Connally and his Senate colleagues had asked Acheson over to get some advice on what they should or should not do, in conscience, about the treaty. When Acheson finished reading a 40-minute summary of what the treaty was about, Connally asked the chief question that was bothering him and some of his friends. If a Senator voted for the pact, would he be committed to vote later for the $1.13 billion arms program to back it up?
"Less Freely." It was a blunt question and, by diplomatic standards, it got a blunt, affirmative answer.
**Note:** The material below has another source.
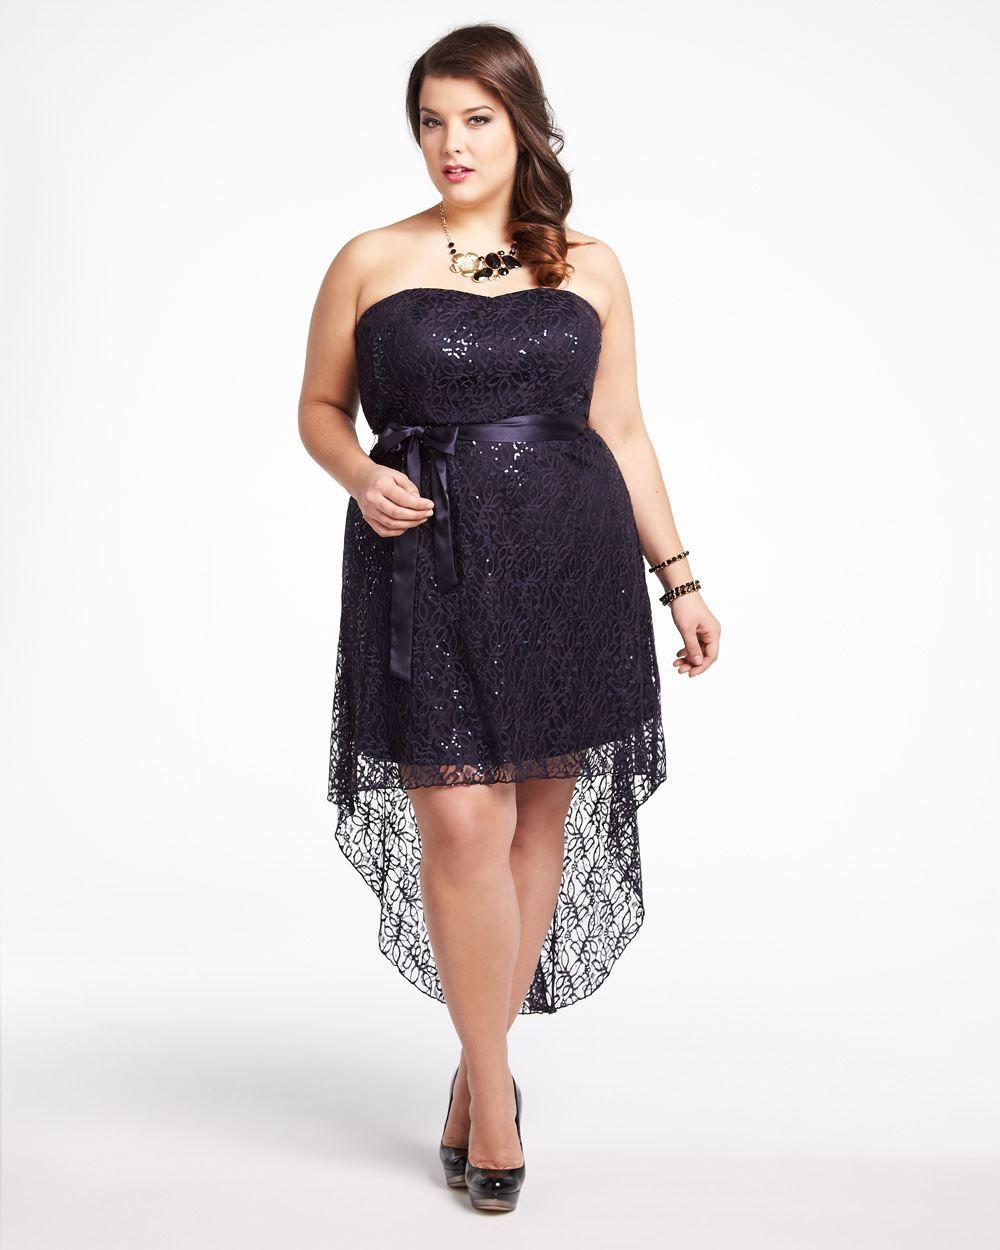 635334b6a2 molett alkalmi ruha esküvőre - Google keresés | Nőcis dolgok ...

Replied Acheson: "There is something in this treaty that requires every member of the Senate, if you ratify it, when he comes to vote on military assistance, to exercise his judgment less freely than he would have exercised it if there had not been this treaty."
The "something" that Acheson referred to was Article 3 of the treaty, which commits all members to "selfhelp" and "mutual aid." Once the Senate approved the North Atlantic Treaty, said Acheson, it could not consistently repudiate the treaty's commitment to assist Western Europe with arms, but it could reserve the right to determine how much aid the U.S. should provide. The arms program, said Acheson, would be only one-sixth to one-seventh of what the treaty nations would provide for themselves.
"A Little Too Far." In their effort to line up a two-thirds majority for the treaty, Connally and Michigan's ranking Republican Arthur Vandenberg might have preferred a little less candor from the Secretary of State. Many a Senate fence-straddler, like Virginia's Harry F. Byrd, was willing to buy the pact if he could dodge paying the arms bill later. Pussyfooting Tom Connally thought Acheson went "a little too far," in his answer; a Senator's only voting guide was his "conviction and conscience." Vandenberg was afraid the Senate was getting its "eyes glued on a few million dollars' worth of rifles and knapsacks" instead of the treaty itself.
Their alarm was not shared by the New York Times's shrewd diplomatic correspondent, James Reston. Wrote Reston: "There are many ways in which a Secretary of State can present a treaty to the Senate but the best way is to tell the Senators everything. This astonishes them, then bores them stiff, and eventually minimizes the ordeal."